The pituitary gland was traced manually on every slice of MRI. This could be a possible limitation in spite of exercising due care for more accuracy. Software based volume measurements of the gland may yield better results. However, software based measurements have their own inherent drawbacks like inaccurate delineation of glands, leading to erroneous results.
In the present study, the number of cases under each individual psychiatric diagnosis was less, though the overall sample size was calculated based on precision based sample size calculation formulae.

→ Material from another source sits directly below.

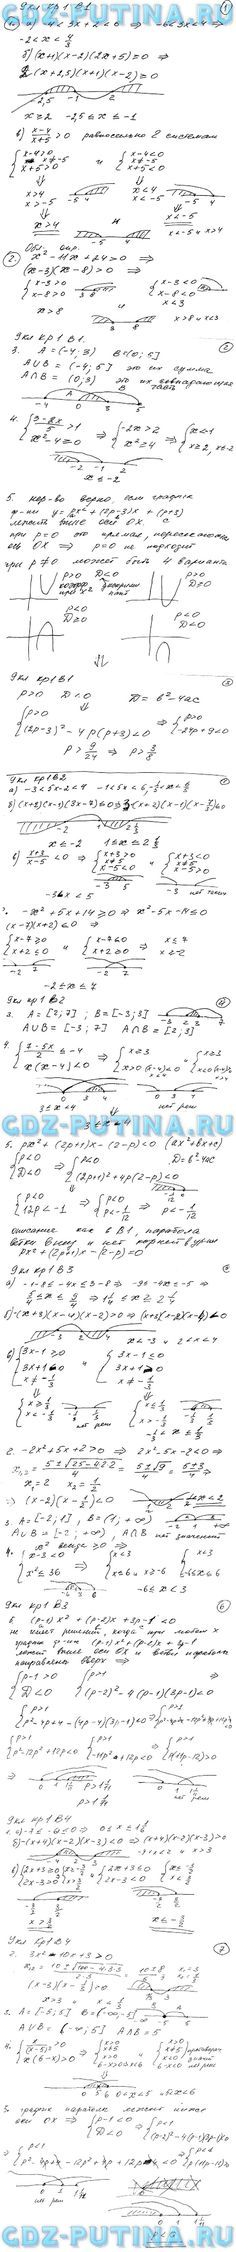 Godoza.ru общая биология 10 класс

In addition, there are no accepted reference values for pituitary volumes, especially in Asian population, for comparison. This could have been a drawback. In the present study, for each case, an age and gender matched control was selected, to overcome this limitation.
Conclusion
Pituitary volumes are significantly higher in patients presenting with acute onset of most psychiatric illness in comparison with healthy individuals of same age and gender. HPA axis overactivity has been postulated to be the cause of larger pituitary glands in such patients. Further studies are required to ascertain the biochemical and hormonal changes in these patients and also to predict the risk of developing psychiatric manifestations based on these stress response assessment.